Inhalt
1) Abschluss des Reisevertrages
2) Bezahlung
3) Leistungen
4) Leistungs- und Preisänderungen
5) Rücktritt durch den Reisenden, Umbuchungen, Ersatzpersonen
6) Rücktritt und Kündigung durch den Reiseveranstalter
7) Mängelrechte
8) Beschränkung der Haftung
9) Mitwirkungspflicht
10) Ausschluss von Ansprüchen und Verjährung
11) Gerichtsstand
6. Rücktritt und Kündigung durch den Reiseveranstalter
Der Reiseveranstalter kann ohne Einhaltung einer Frist vor Antritt der Reise vom Reisevertrag zurücktreten oder nach der Reise den Reisevertrag kündigen, wenn der Reisende die Durchführung der Reise ungeachtet einer Abmahnung nachhaltig stört oder wenn er sich in solchem Maß vertragswidrig verhält, dass die sofortige Aufhebung des Vertrages gerechtfertigt ist. In diesem Fall behält sich der Reiseveranstalter den Anspruch auf den Reisepreis vor. Eventuell anfallende Mehrkosten für den Rücktransport trägt der Störer selbst. Der Reiseveranstalter lässt sich jedoch den Wert der ersparten Aufwendungen sowie derjenigen Vorteile anrechnen, die aus einer anderweitigen Verwendung der nicht in Anspruch genommenen Leistungen erlangt werden, einschließlich der von den Leistungsträgern gut gebrachten Beträge.
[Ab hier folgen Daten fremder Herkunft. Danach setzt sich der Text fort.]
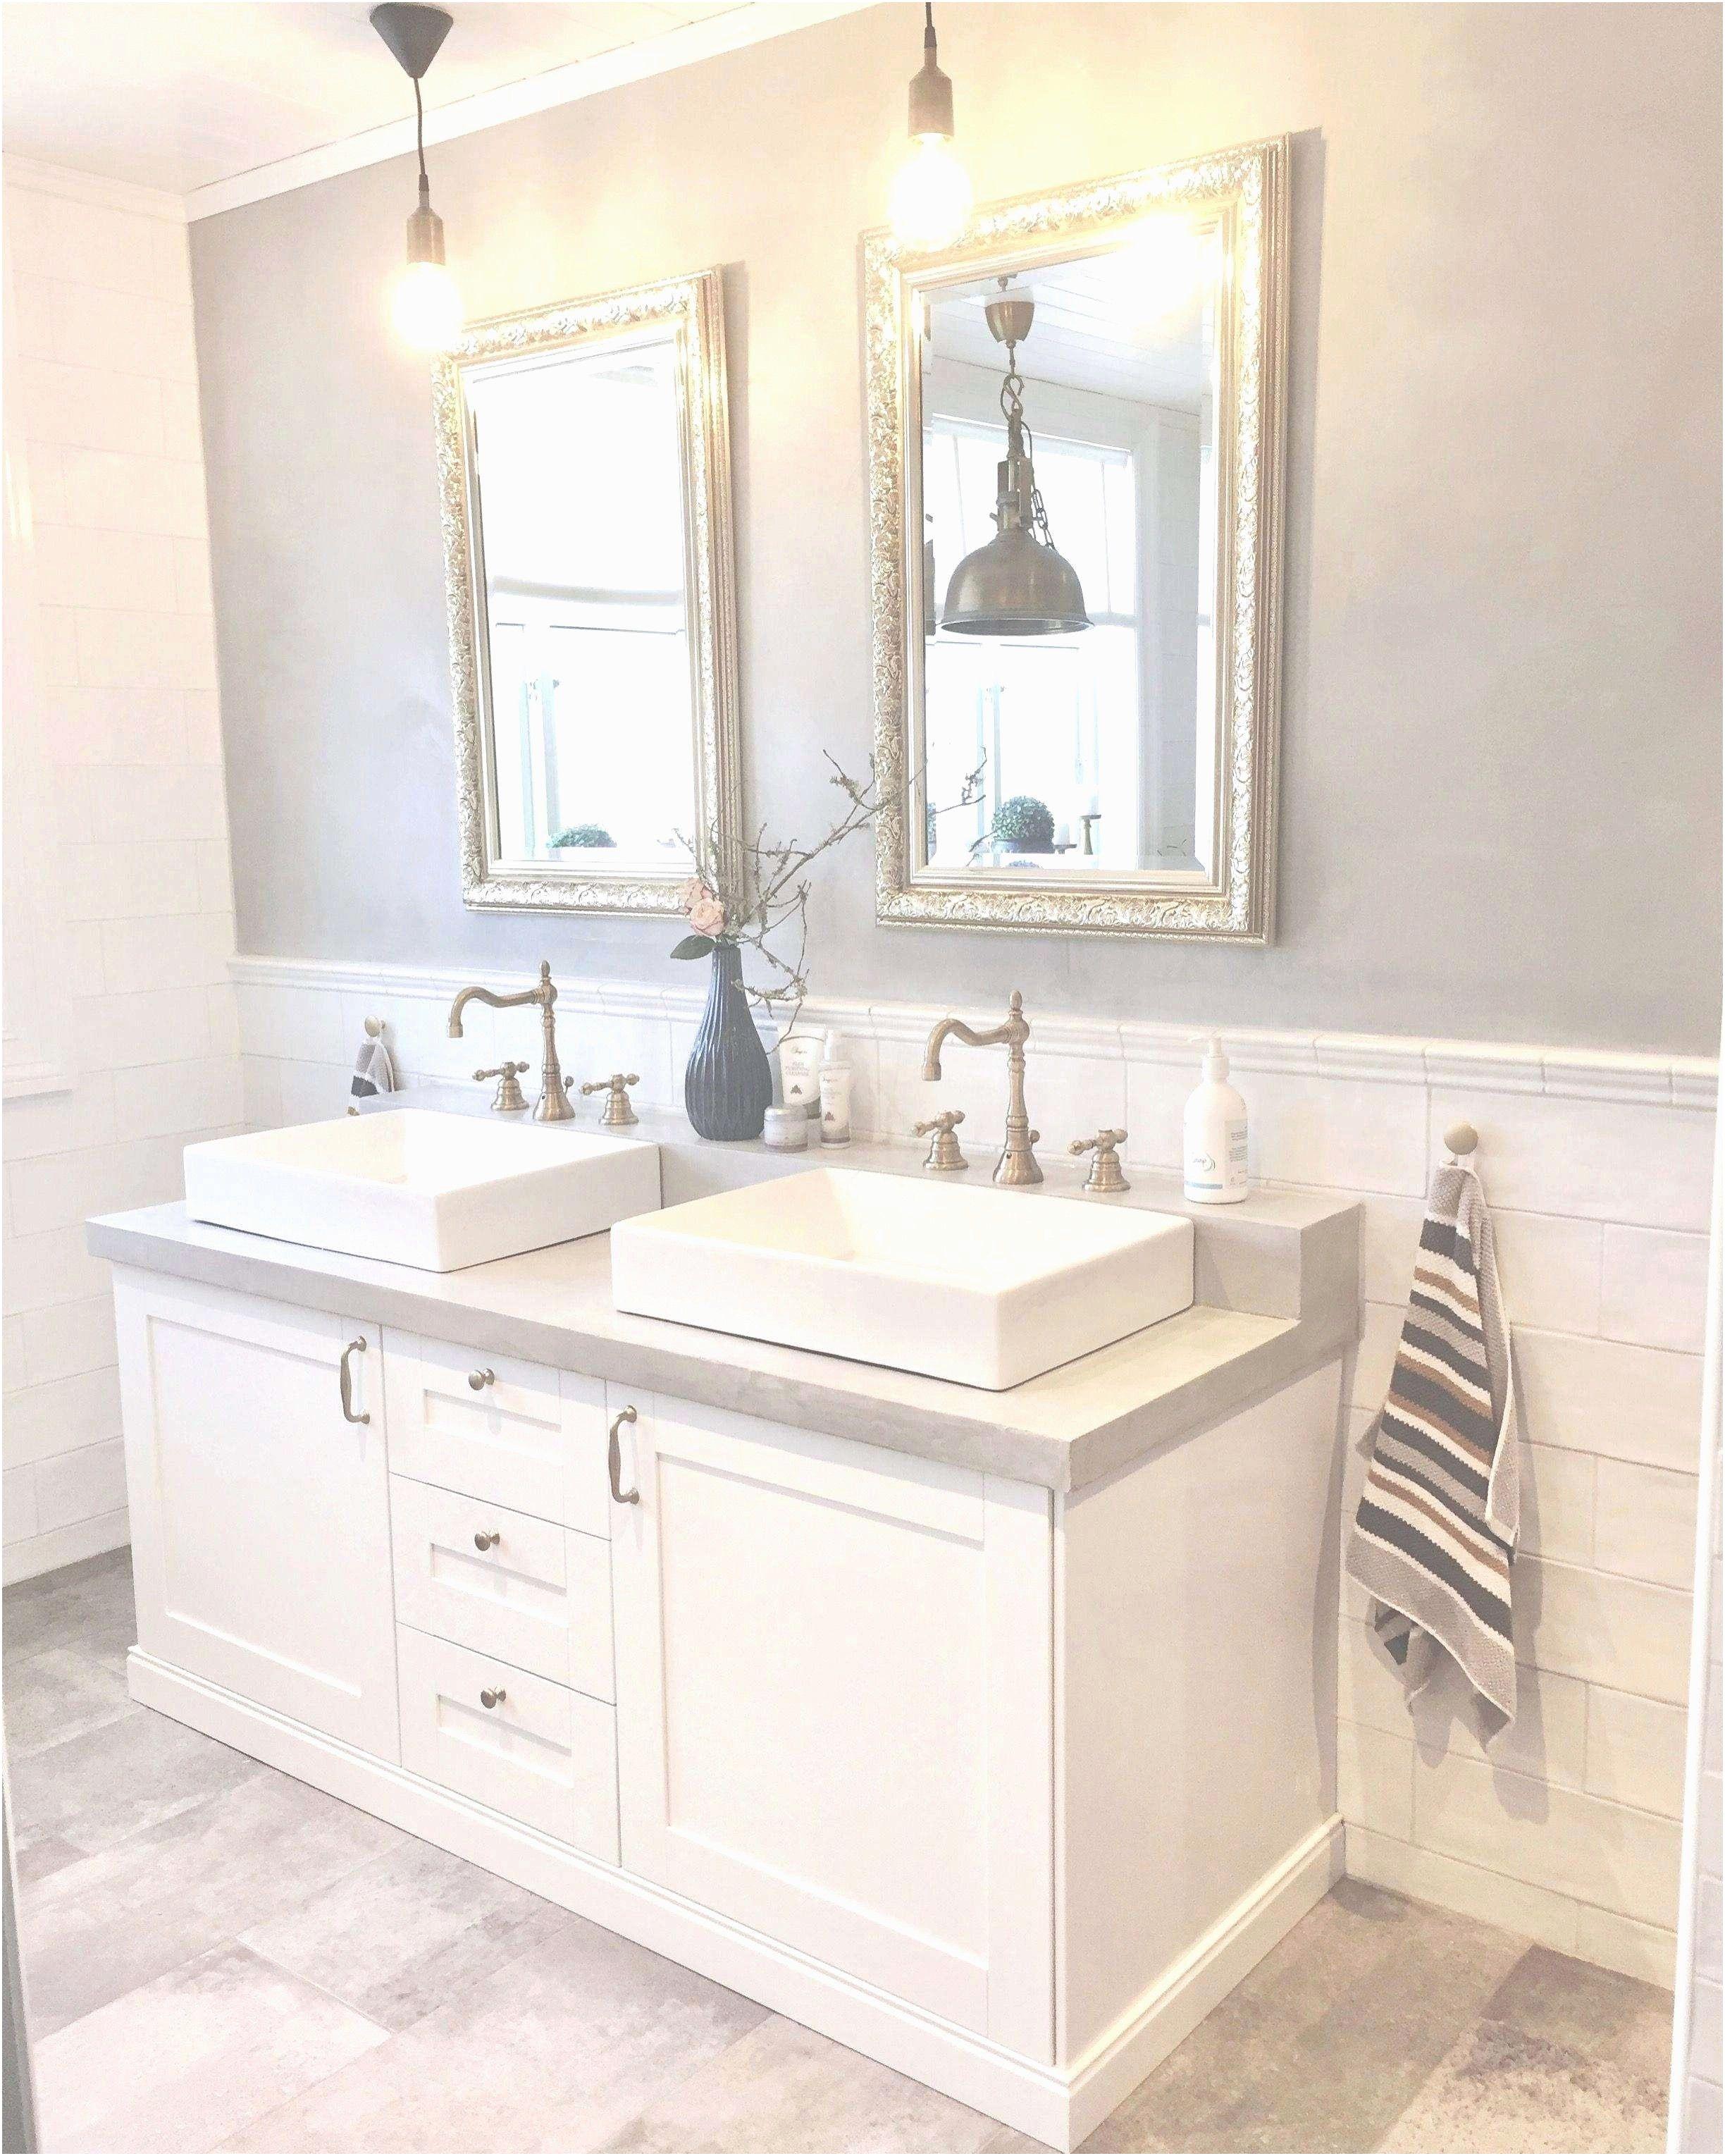 Ceramic Slate Floor Tiles Floor and Tile 19 Amazing Slate Bathroom Floor Tiles Peritile

Der Reiseveranstalter kann bis zwei Wochen vor Reiseantritt vom Reisevertrag zurücktreten, wenn die ausgeschriebene Mindestteilnehmerzahl, auf die in der Reiseausschreibung hingewiesen wurde, nicht erreicht wird. Der Reiseveranstalter ist verpflichtet, den Reisenden unverzüglich nach Eintritt der Voraussetzung für die Nichtdurchführung der Reise hiervon in Kenntnis zu setzen und die Rücktrittserklärung unverzüglich zuzuleiten. Der Reisende erhält den eingezahlten Reisepreis unverzüglich zurück.
Der Reiseveranstalter kann bis vier Wochen vor Reiseantritt vom Vertrag zurücktreten, wenn die Durchführung der Reise nach Ausschöpfung aller Möglichkeiten für den Reiseveranstalter deshalb nicht zumutbar ist, weil das Buchungsaufkommen für diese Reise so gering ist, dass die dem Reiseveranstalter im Falle der Durchführung der Reise entstehenden Kosten eine Überschreitung der wirtschaftlichen Opfergrenze, bezogen auf die Reise, bedeuten würde. Ein Rücktrittsrecht besteht jedoch nur, wenn der Reiseveranstalter die dazu führenden Umstände nicht zu vertreten hat und wenn er die zu seinem Rücktritt führenden Umstände nachweisen und wenn er dem Reisenden ein vergleichbares Ersatzangebot unterbreitet.